INFORMATION PROVIDED:

****************************************

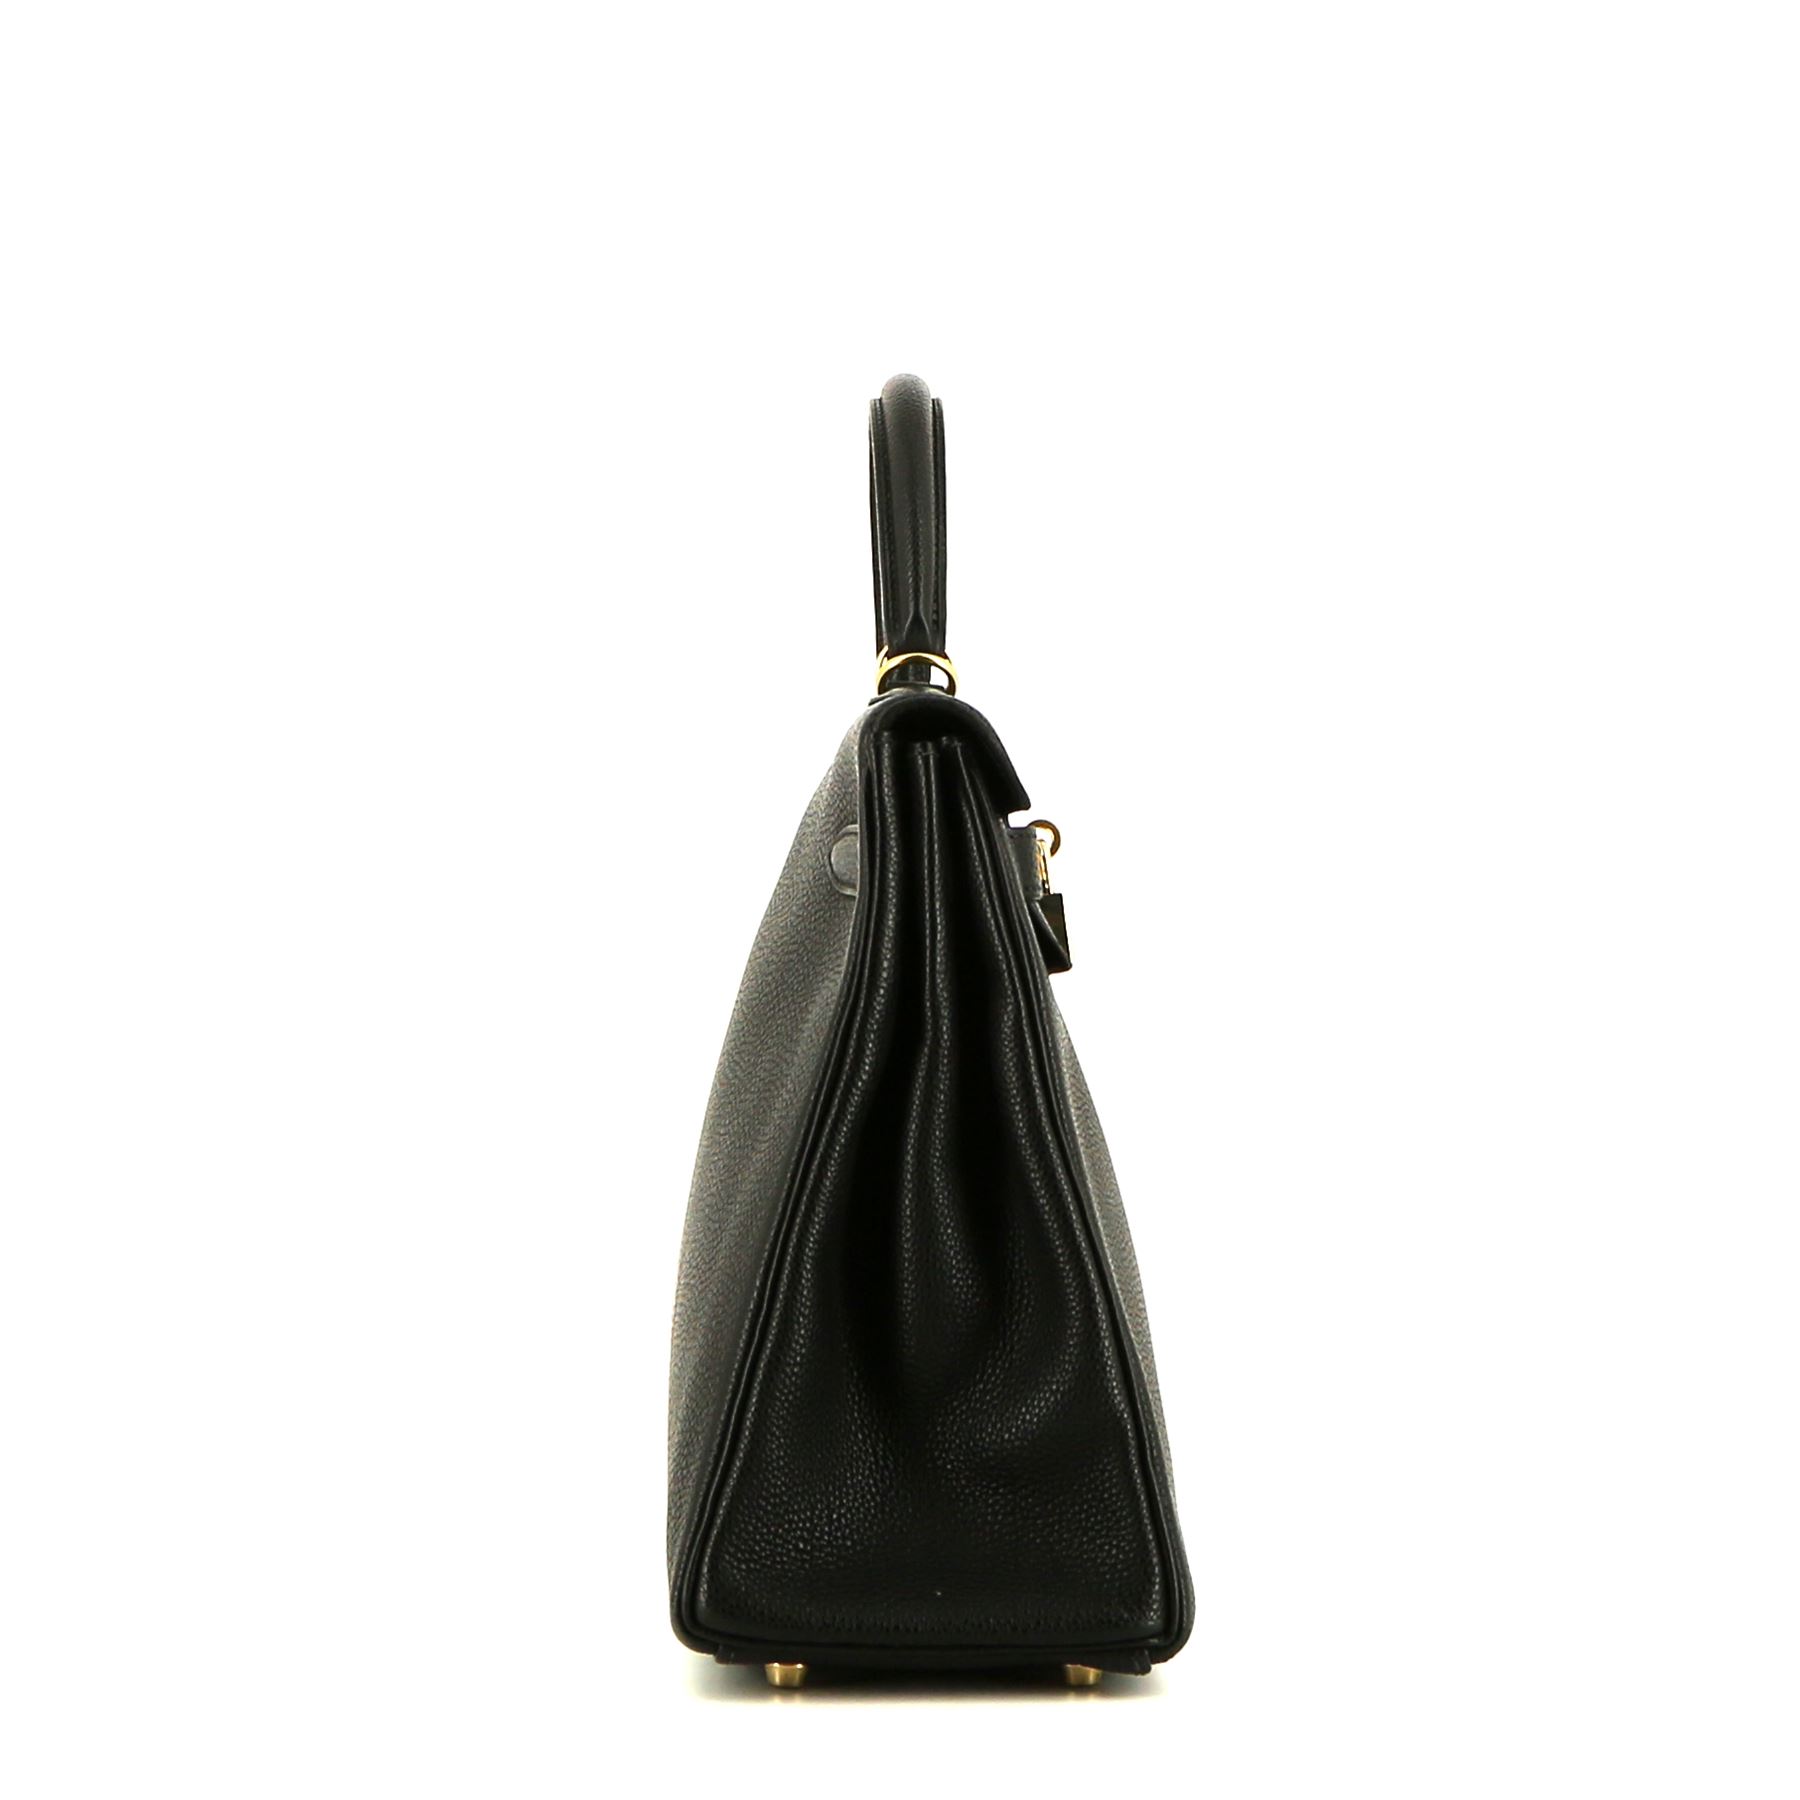 Kelly 32 cm Handbag In Black Togo Leather
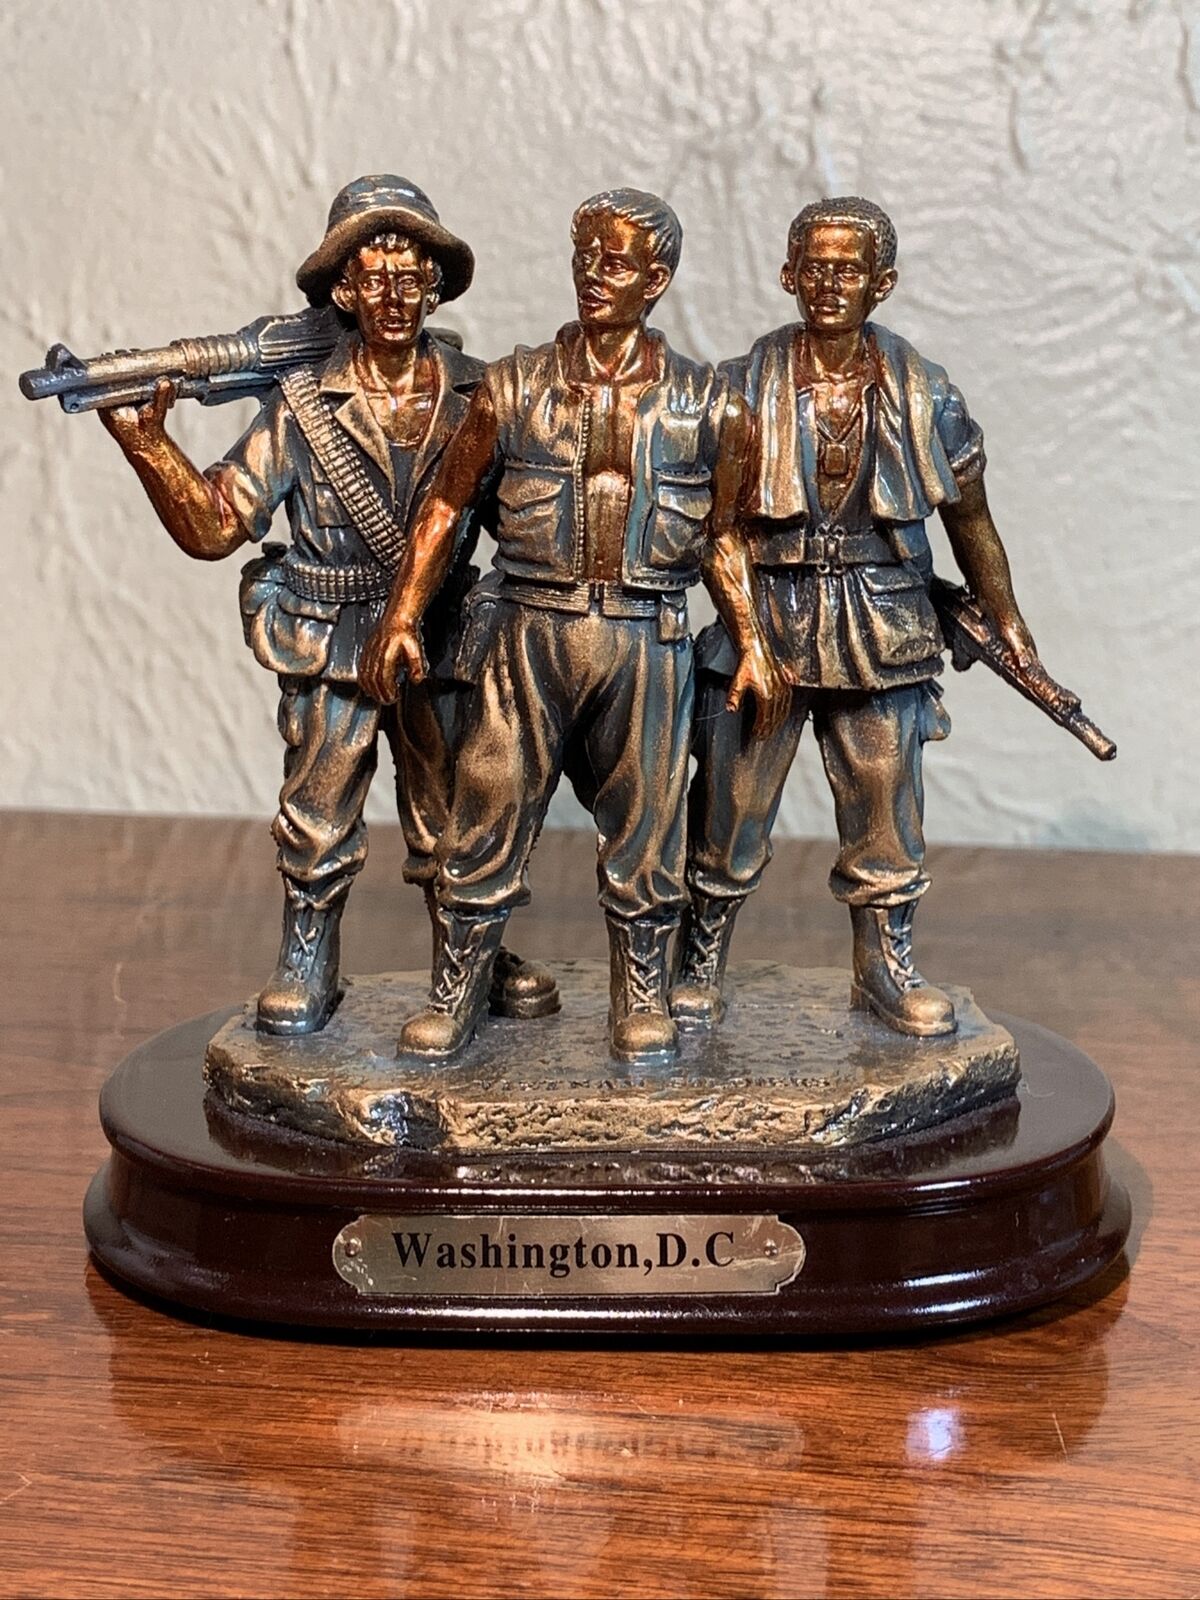 The Three Servicemen Statue,Vietnam Veterans Memorial,washington D.C.
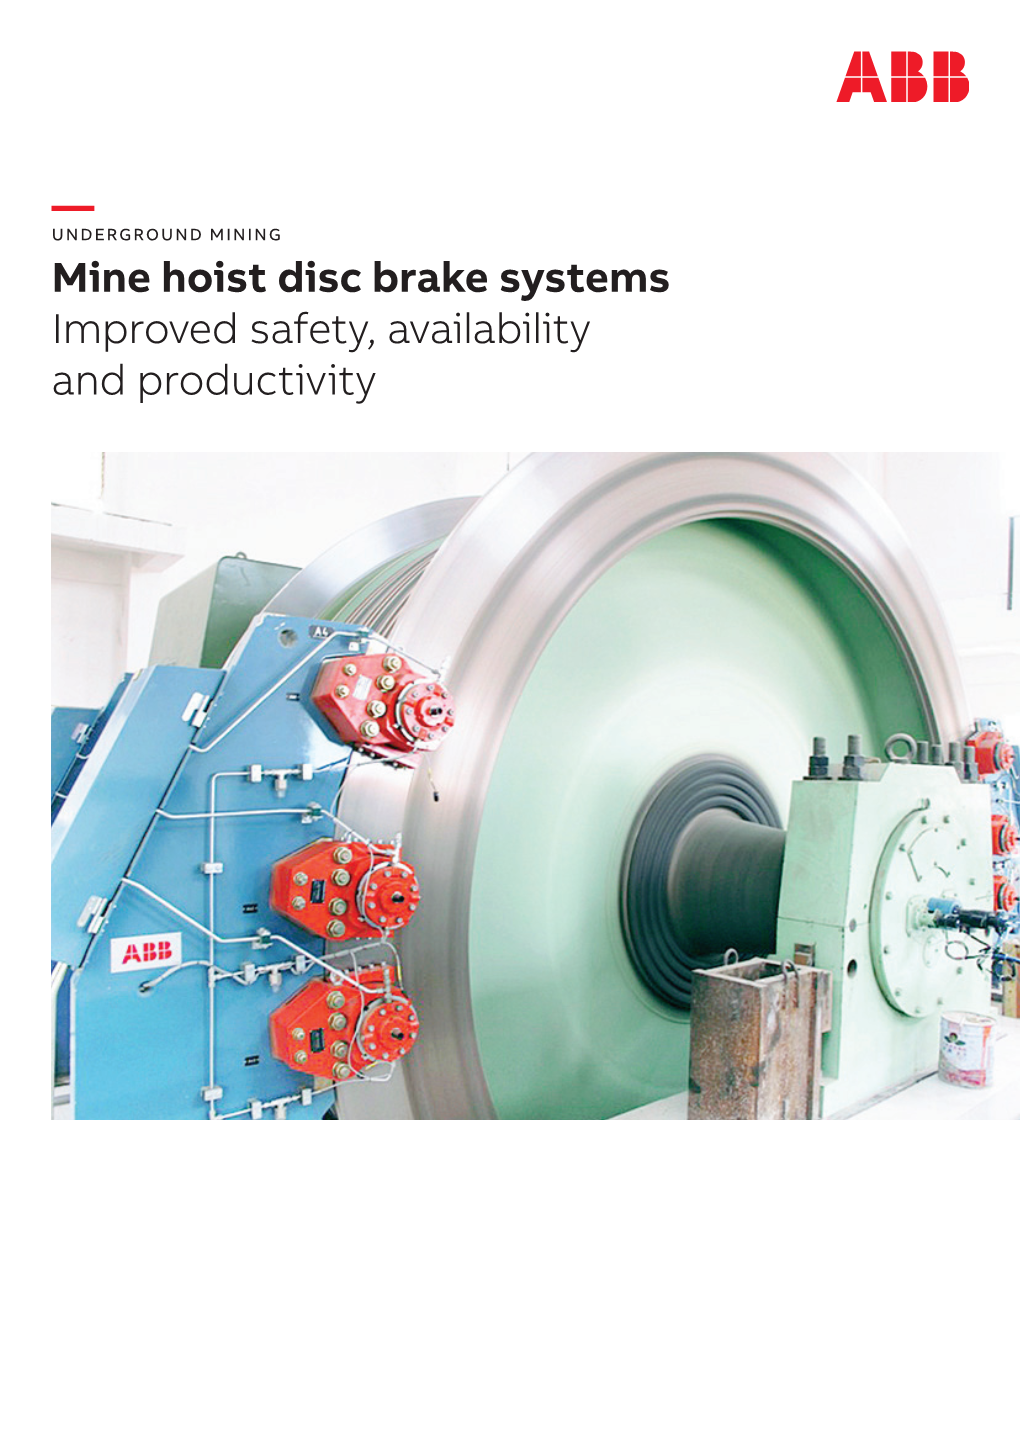 Mine Hoist Disc Brake Systems Improved Safety, Availability and Productivity 2 MINE HOIST DISC BRAKE SYSTEMS IMPROVED SAFETY, AVAILABILITY and PRODUCTIVITY

****************************************

EXERCISE PROMPT:
Before you return the listing, strip out its pictures; all else must match exactly.

TASK RESULT:
 Kelly 32 cm Handbag In Black Togo Leather
 The Three Servicemen Statue,Vietnam Veterans Memorial,washington D.C.
 Mine Hoist Disc Brake Systems Improved Safety, Availability and Productivity 2 MINE HOIST DISC BRAKE SYSTEMS IMPROVED SAFETY, AVAILABILITY and PRODUCTIVITY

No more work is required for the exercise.